These rules help tighten up the game and keep scores down. Seven runs are generally enough to win and shutouts are rare. Errors are rather frequent in this game, due mostly to bad throws. But the general play is by no means loose. Double plays are common. On one golden day (February II, 1960) the old boys pulled four double plays and two triple plays in one game. (The National League that year had only one triple play in 618 games.) The feat was accomplished in successive innings, each team making a triple play. Statistics on the six players making the putouts show: four pairs of glasses, a hearing aid, 474 years total age.
About half of the players have come up from the Half-Century Softball Club, whose more agile members range in age from 50 to 74. This club also has two competing teams that play three games a week in the same park. Only in St. Petersburg can a 50-year-old look ahead to a possible 35 years of playing ball.
The Half-Century boys attract a capacity crowd of 3,500 on Sundays when they play a girls' team, but the oldsters are more popular and outdraw the others over the season. The Kids and Kubs have often played to 5,000, especially when the game is for charity. There is no admission charge to any of the contests, but the hat is passed around and the teams average close to $100 a game. The take for charity sometimes exceeds $500.

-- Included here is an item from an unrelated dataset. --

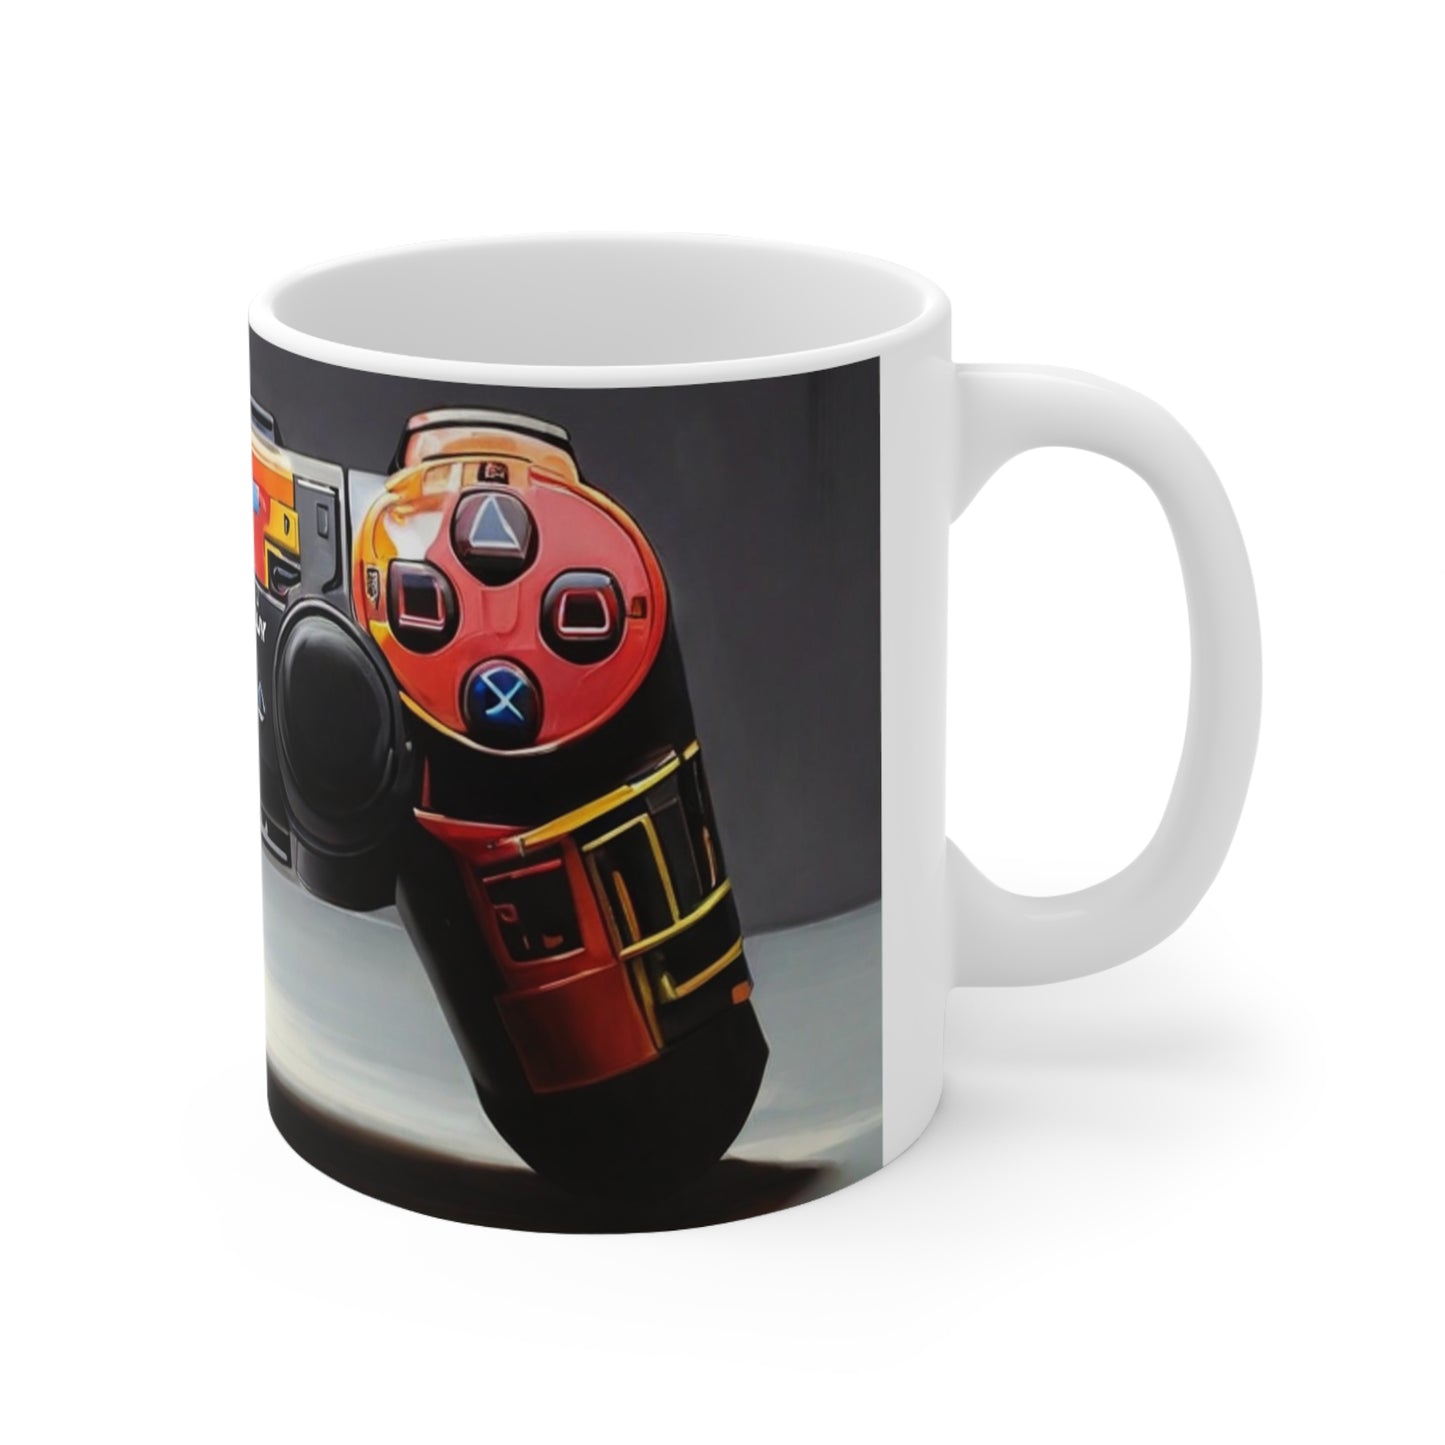 PlayStation Controller Artwork Mug - Ceramic Coffee Mug 11oz

The club uses the money to buy equipment and uniforms. Both teams wear identical uniforms except for the color of the caps—red for the Kubs, blue for the Kids. Each player gets $5 a month laundry money to keep his uniform spic and span, and he does or he hears from his captain.
Before a game recently an ancient came up to Mrs. Rittenhouse, who was sitting on the bench, and presented his rear to her. "I think I sat in something, Mom," he said seriously. "Are my panties clean?" Mom, who is barely old enough to be eligible for the team, gave him a passing mark and he joined his clubmates at practice.
The men show up at 9 o'clock the days they play (Tuesday, Thursday and Saturday) and practice for an hour and a half. After the game a number of them stay on and get in another hour's drill.
Dr. Arnold Anderson of St. Petersburg once examined several players and was amazed at their physical condition. As a result his ideas on exercise for the aged were completely changed. "I used to tell the oldsters to take it easy," he said. "Now I tell them to exercise to their heart's content as long as they can do it without distress."
The players are fond of saying that the game "adds years to your life, and life to your years." There is no doubt that this is true, but more than that, perhaps, is what it does to the spectators, most of whom are beyond middle age.
"You have no idea how many old guys in the stands have told me how we've helped them," says John Maloney. "Any number of them have said to me, 'I thought I was a goner, as good as dead, until I saw you boys play. I'll never feel that way any more.' "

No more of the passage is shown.